The case of Whren v. United States began with a 1993 traffic stop in Washington, D.C., over a failure to signal. That stop resulted in the arrest of the car’s driver and passenger for drug possession. The arresting officer, a plainclothes member of the city’s vice squad, was patrolling what he called a “high drug area” when he saw a car with two young black men inside sitting at a stop sign for 20 seconds, an admittedly long time to wait at an intersection. According to the officer, the car then drove off at what he called an “unreasonable” speed and allegedly failed to signal a right turn. After the officer pulled the car over, he noticed crack cocaine inside the vehicle and made the arrests.

The question before the Supreme Court was whether the officer used that traffic stop as a pretextual excuse to seize the driver and passenger and snoop around for drugs in violation of their Fourth Amendment rights. Put differently, did the officer rely on the traffic code to mask a case of racial profiling? And if he did, should the evidence be excluded?

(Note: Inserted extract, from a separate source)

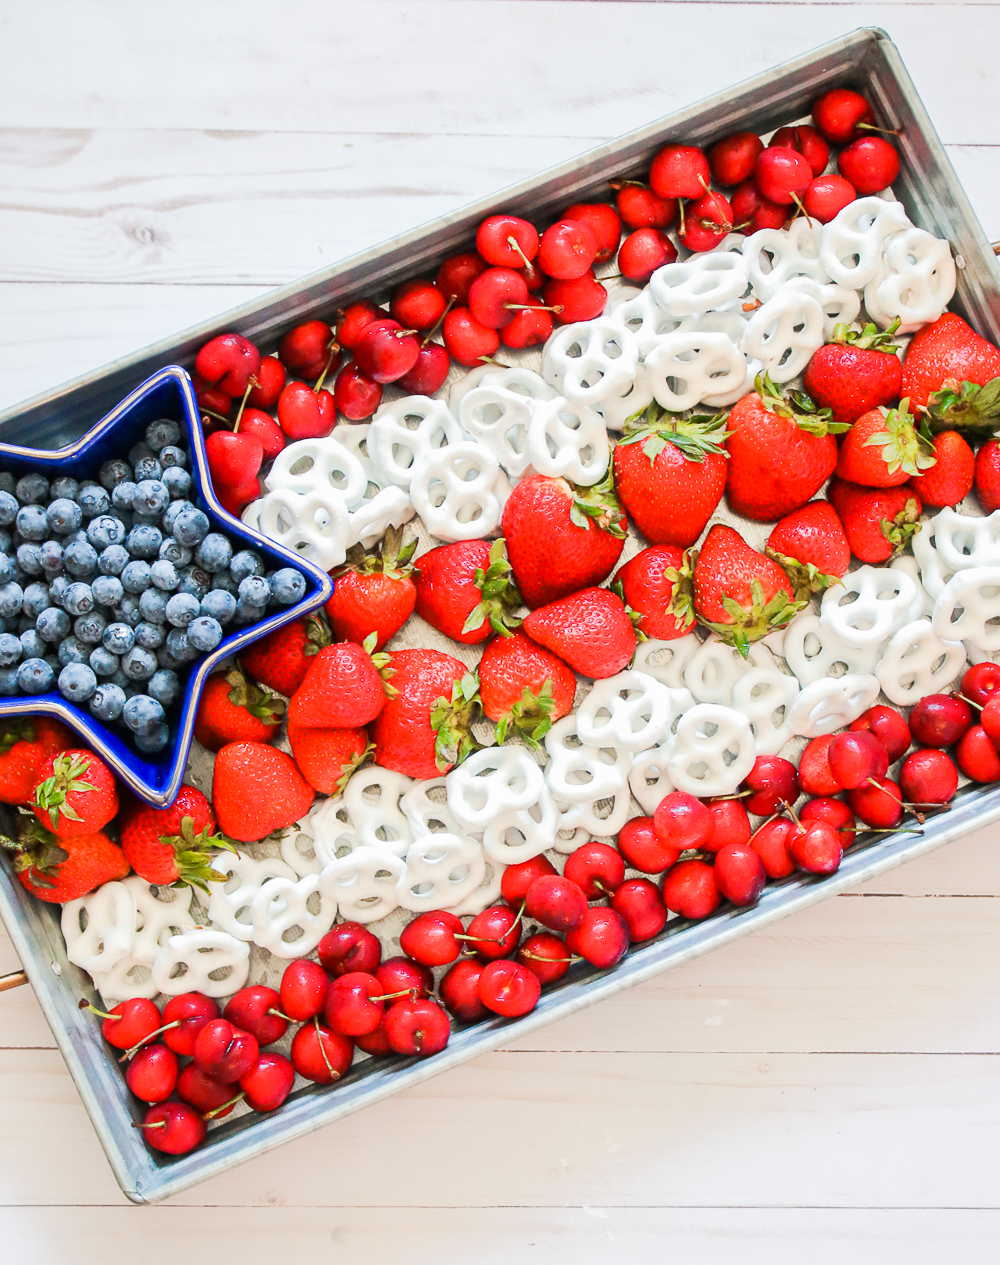 Blogger Stephanie Ziajka shares a healthy American flag tray with fruit and yogurt-covered pretzels on Diary of a Debutante

Writing for a unanimous Supreme Court, Justice Antonin Scalia gave every cop in the country a blank check to search and seize so long as the officer could first point to some sort of ostensible traffic infraction. “The constitutional reasonableness of the traffic stop,” Scalia said, does not depend “on the actual motivations of the individual officers involved.” All that mattered, he maintained, was that the officer had probable cause to believe that a traffic violation may have occurred. Once that relatively easy standard was met, the police may stop any car and seize any driver.

Of course, every driver will eventually violate some trivial traffic rule at some point. Thanks to Whren, when those inevitable traffic infractions do occur, the police are effectively unshackled from the restraints of the Fourth Amendment. To make matters worse, because the police simply cannot enforce all traffic laws against all drivers at all times, the cops enjoy wide leeway when it comes to picking and choosing which drivers to stop. Needless to say, the record is replete with examples of the police abusing such discretionary law enforcement powers.

In fact, that sort of abusive policing is sometimes official police policy. As Sarah Seo, a Columbia law professor and author of Policing the Open Road: How Cars Transformed American Freedom, has observed,

Pretextual enforcement of the traffic code has been an official strategy in the war on drugs since at least the 1980s. The U.S. Drug Enforcement Agency trained state highway patrols to use such tactics, as did law-enforcement textbooks. Statistics show that police have disproportionately targeted minorities during what is known as “criminal patrol,” a term that reflects the merger of criminal investigations and traffic patrol duties.

In other words, Whren‘s malignant legacy includes the judicial stamp of approval on some of the most aggressive and destructive police tactics of the modern era.

The Supreme Court has issued plenty of regrettable decisions that warrant reversal. Whren v. United States is one of them.